On to some other good news, the weather is improving and I’m trying to get the kids outside at least once a day. Every day, I walk around my gardens and I love the growth that I’m starting to see. My snowdrop flowers have finished blooming but my tulips, iris and daffodils are starting to grow! Spring is definitely here. The birds are chirping more and more. The sun comes out. Some days we can go out in sweatshirts instead of coats. I’ve put away most of our winter gear! It’s almost time for Easter/Passover. Hope is coming to us in the form of nature and I love it!
We miss our families. We have been using FaceTime to chat with my parents, grandmother and brothers for our usual Friday night dinners that we are missing. My kids text them regularly too. It’s so sweet. We call my inlaws often. I email them with photos of the kids almost daily. It we miss the physical closeness of it. We drove to my mom’s on the weekend. We haven’t been in the car in weeks and it was weird! The bought some supplies for us, so we did a porch pickup and we chatted with them through the dining room window. I almost cried. My grandmother teared up. Then we did the same with my inlaws. They stood on the porch and we spoke to them from the driveway. My mother in law looked emotional. This is taking a big mental health hit on everyone. It’s very hard. I try texting my friends every once in a while to check in. I even mailed out hand written cards to a few of them, just letting them know that they are not forgotten. They loved it and most even sent a card back to me!

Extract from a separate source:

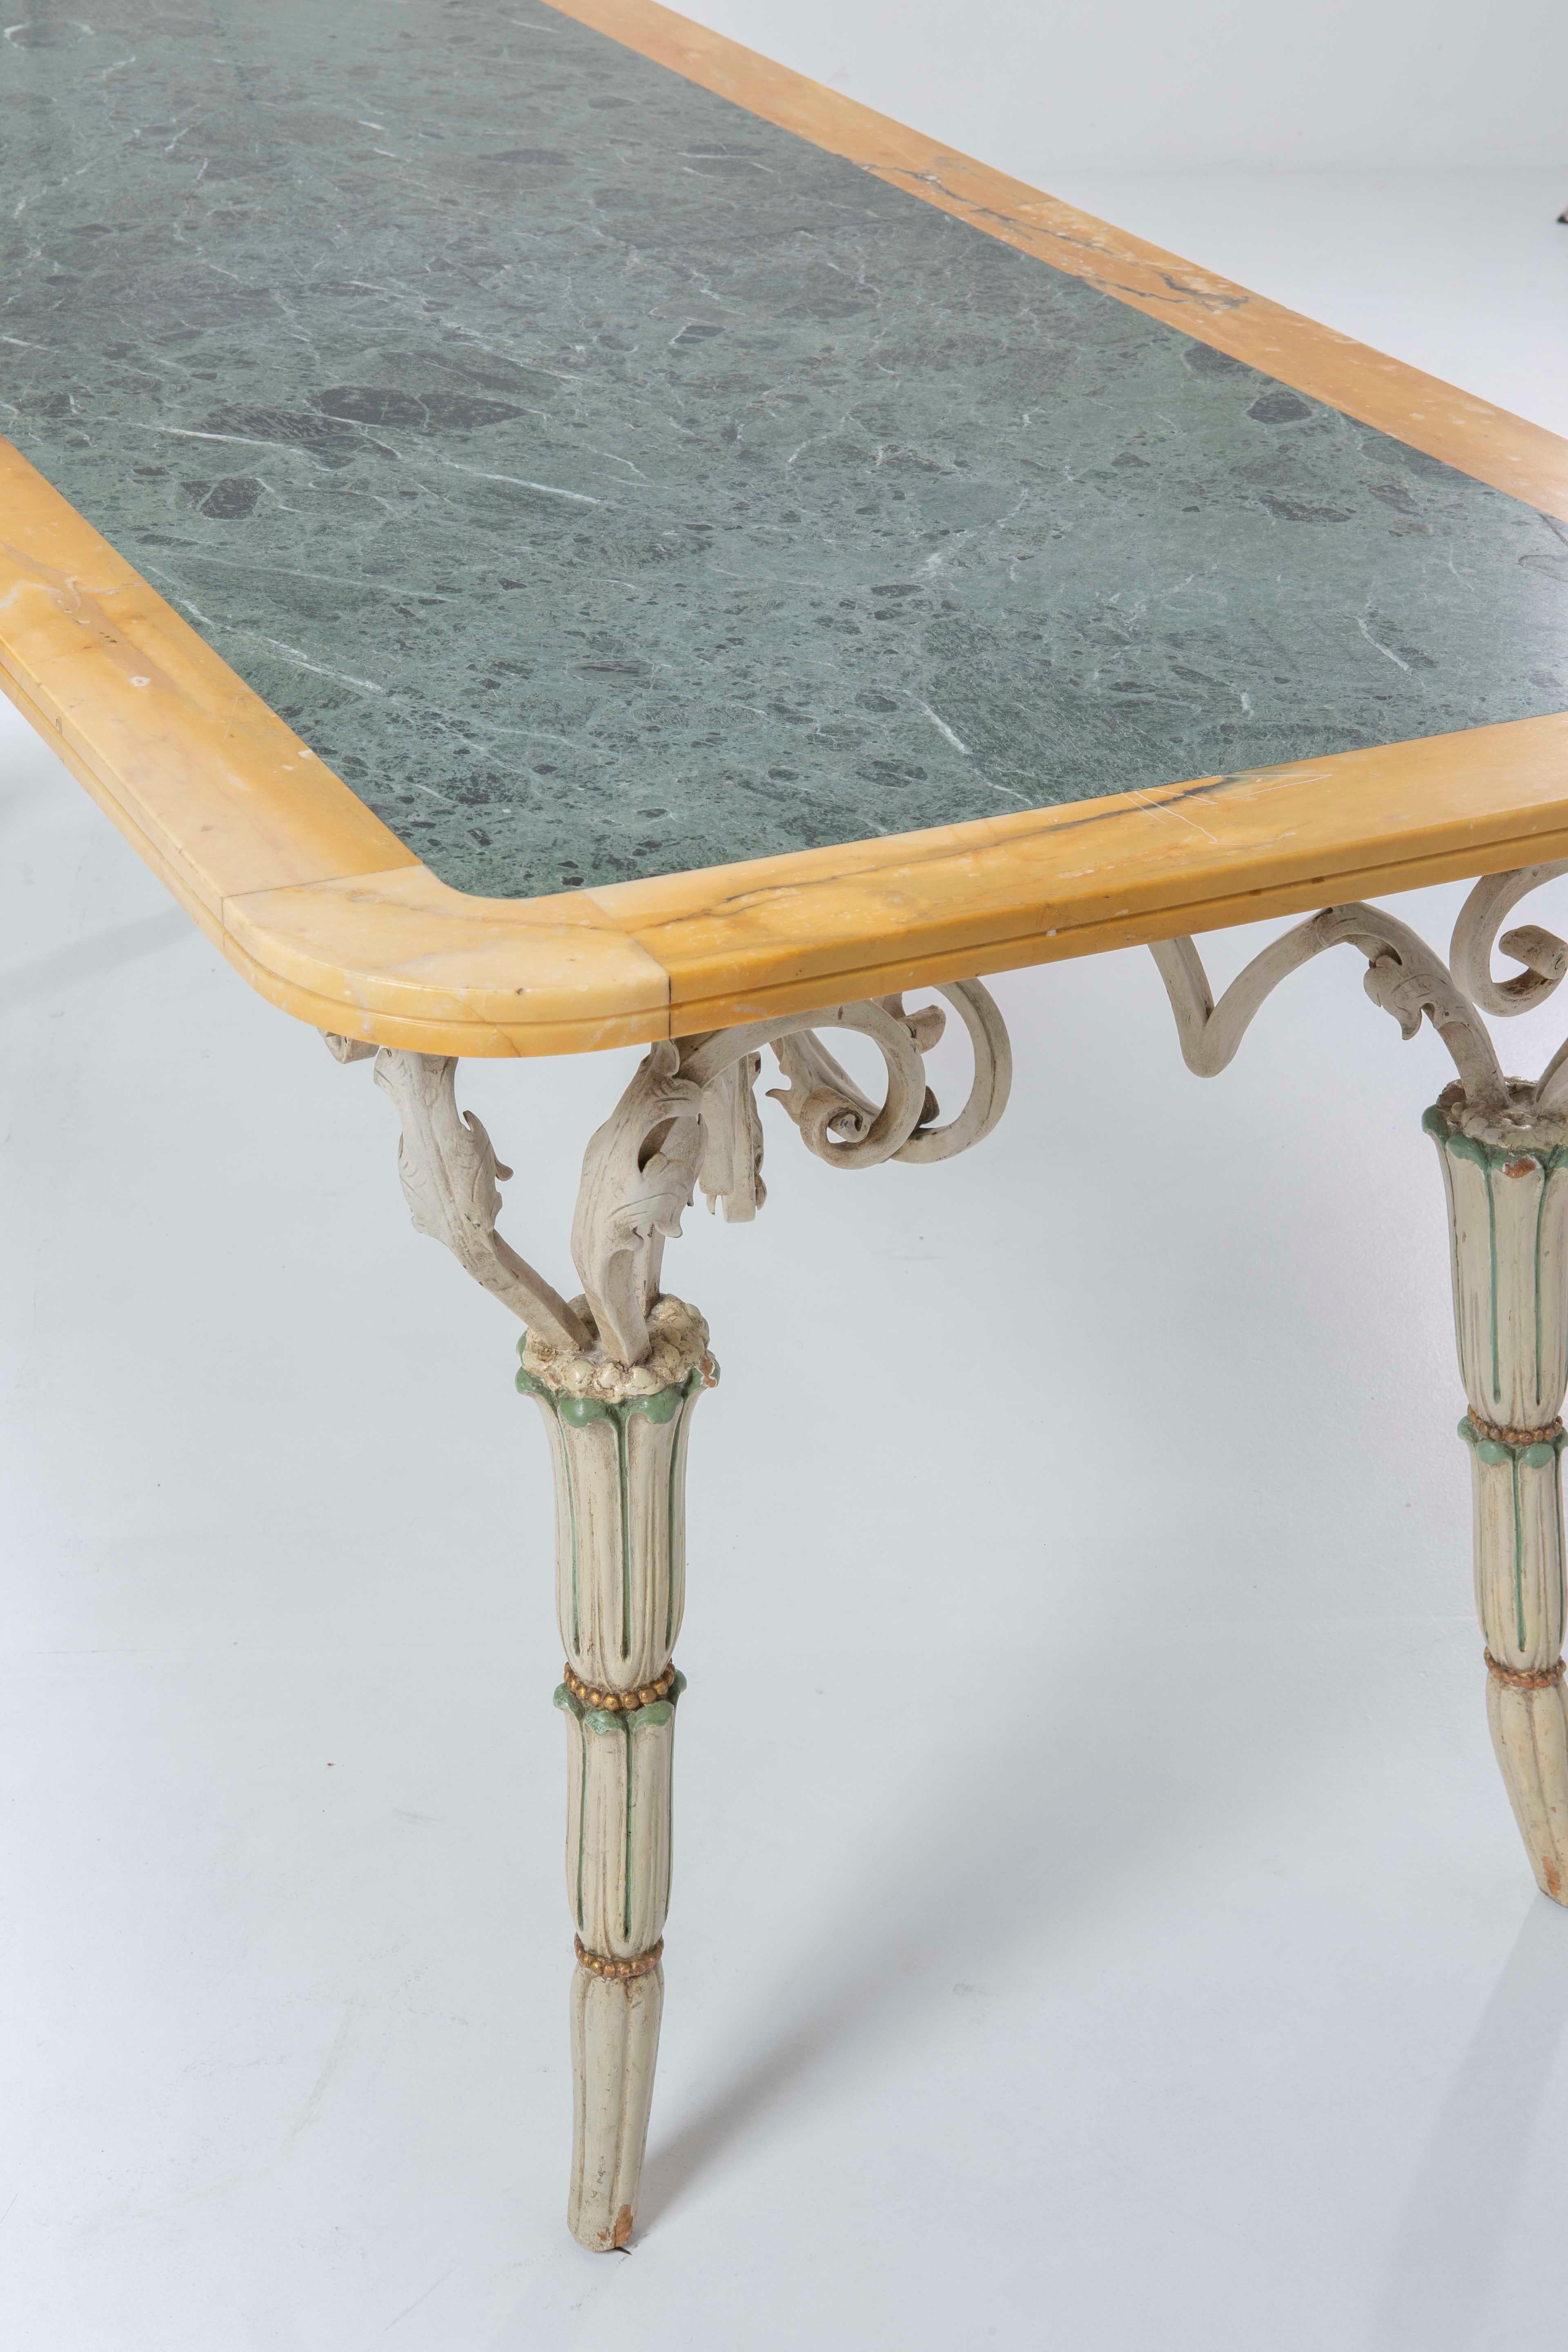 Tomaso Buzzi Marble dining table - 1954 Italian Design from a private commission For Sale 1

I’ve been baking a lot lately. Going through a lot of flour, sugar and eggs. I tried my hand at Instant Pot bread. Not one of my finest moments. 😆 But it was edible. I bake every few days and I’m sure when this is all over, I’ll be twenty pounds heavier! My son has trouble with the food situation. He knows I can’t run to the store and pickup what he wants but he insists on eating his go-to foods. He has always been a lucky eater and the ADHD meds he’s on makes it worse. Many of our fights stem from food. We have stopped his meds when the whole issue blew up this week (he doesn’t sleep while he’s on the meds either) so we decided to give him a break. He’s also on melatonin (as is my eldest) and it has helped. He said he’s so happy for the sleep. So am I.
At this point, all we can do is continue with social distancing and take one day at a time. I’m grateful that we are all home and healthy. I’m grateful for the front line health workers. I’m grateful we can still get most of our necessary supplies. One day at a time is all anyone can do. Be well and stay safe.